Determine the statute first: condo or planned community

The first Oregon question is classification, because it changes the rules. A condominium falls under the Oregon Condominium Act (ORS Chapter 100), which carries the reserve-study and insurance mandates (ORS 100.175, 100.435) and a lien that is junior to the first mortgage unless the association gives 90 days' notice of default (ORS 100.450). A planned community falls under the Oregon Planned Community Act (ORS Chapter 94), with parallel reserve and insurance mandates (ORS 94.595, 94.675), assessment rules (ORS 94.704), an 80% owner vote to borrow (ORS 94.665), and a lien that is junior to the first mortgage with no super-priority (ORS 94.709).
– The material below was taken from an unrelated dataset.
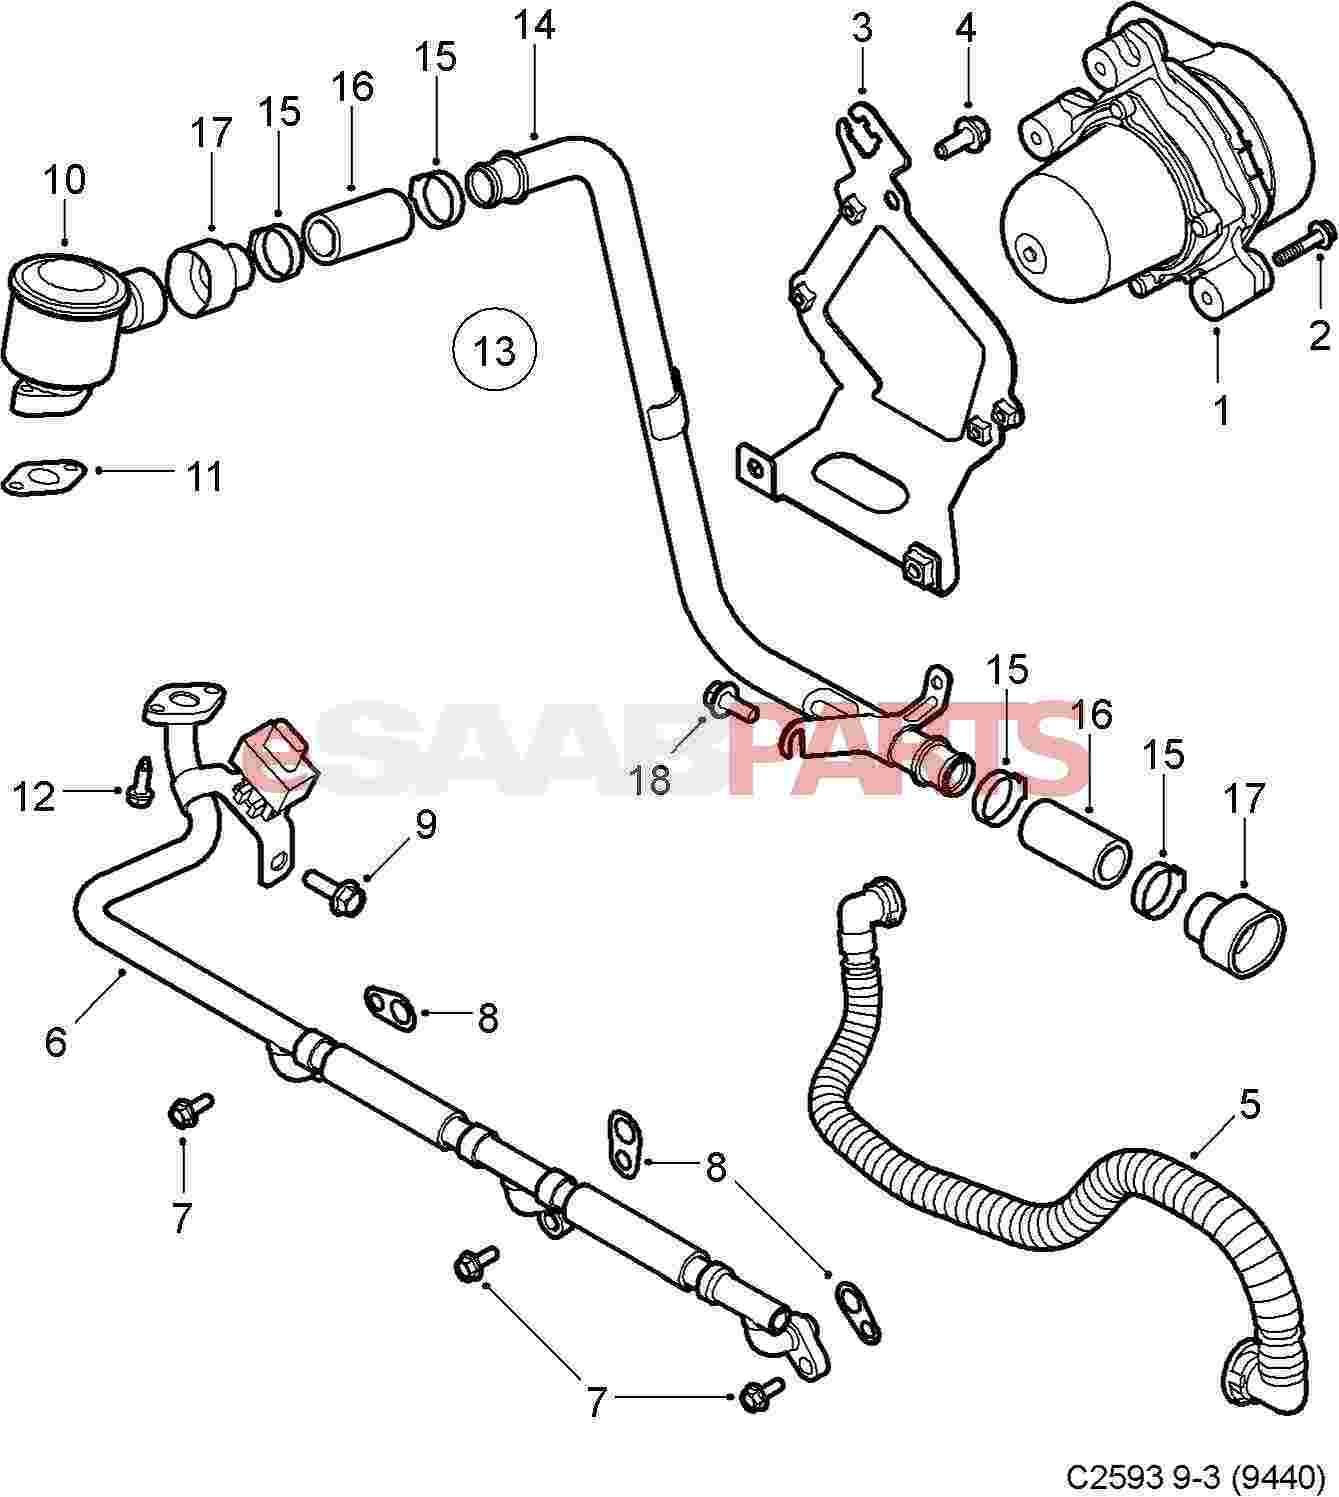 12791957 saab air pump genuine saab parts from esaabparts com rh esaabparts com Aro Air Diaphragm Pump Sandpiper Air Diaphragm Pump
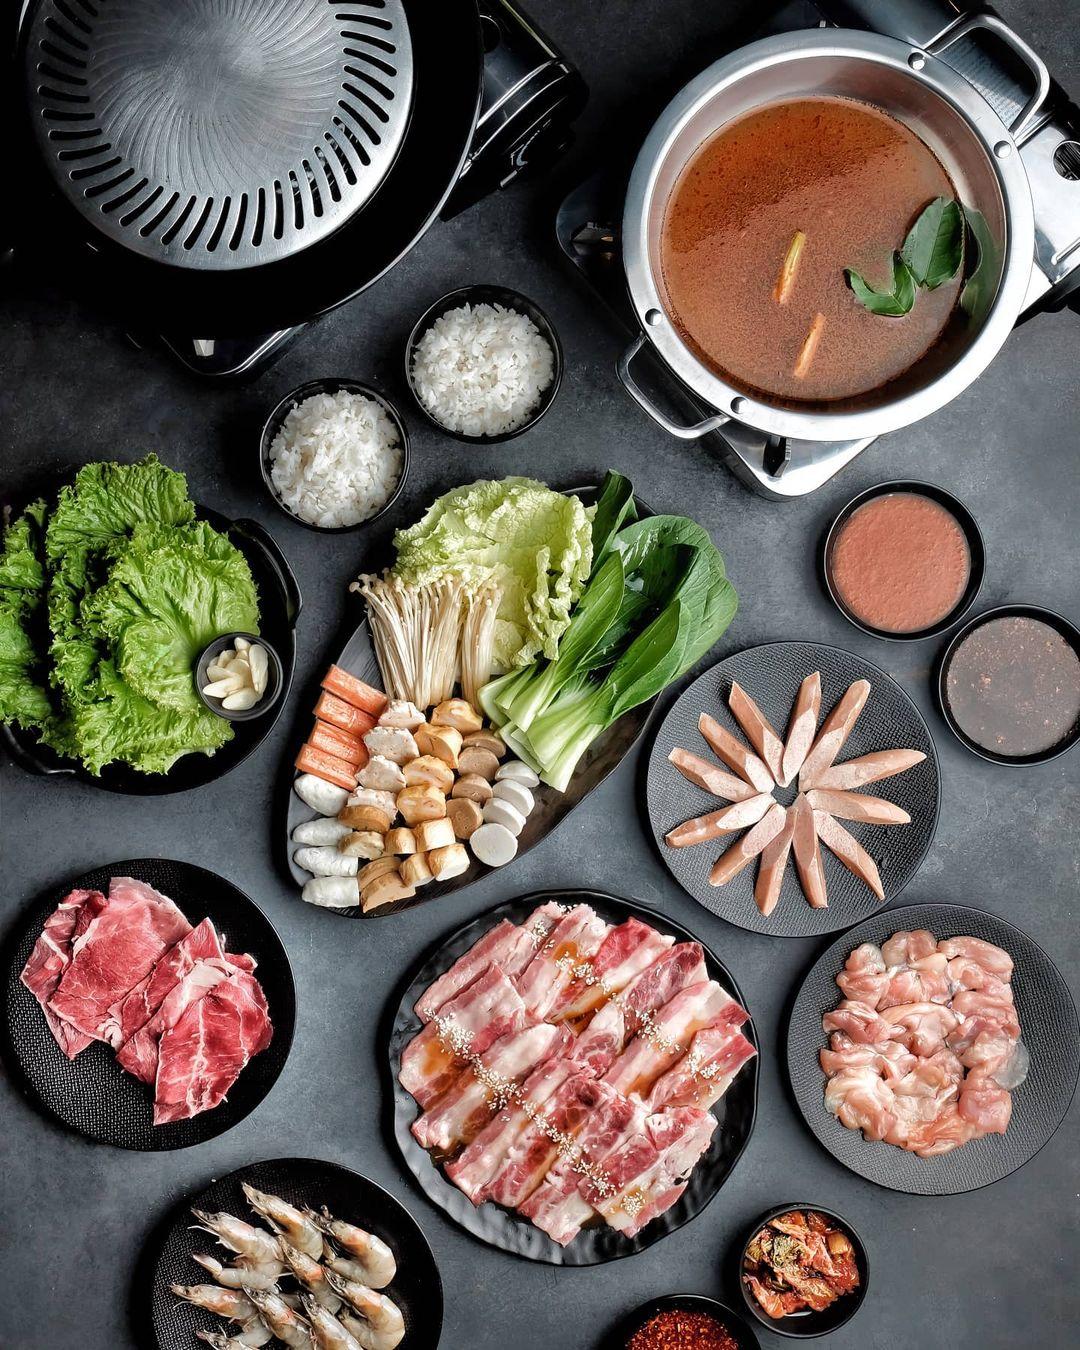 Go PANG Denpasar Korean Food All You Can Eat Bali

A development can even layer a condominium inside a master-planned HOA, creating stacked dues and documents. Confirm which act applies before you apply any rule.

The one disclosure Oregon mandates — and its deadline

Oregon has no condo-specific resale packet. The single mandated resale disclosure is the Seller's Property Disclosure Statement under ORS 105.464–105.475, which the seller completes and which carries the buyer's right to revoke within five business days of delivery. For new units, the developer must provide a Condominium Information Report filed with the Oregon Real Estate Agency, but that is a first-sale tool, not a resale tool. Treat the SPDS as a floor: it touches on dues and known defects but is not an association financial disclosure, and there is no condo-specific cancellation right tied to the HOA documents. Calendar the five-business-day window and arrange for the association records to arrive while it is still open.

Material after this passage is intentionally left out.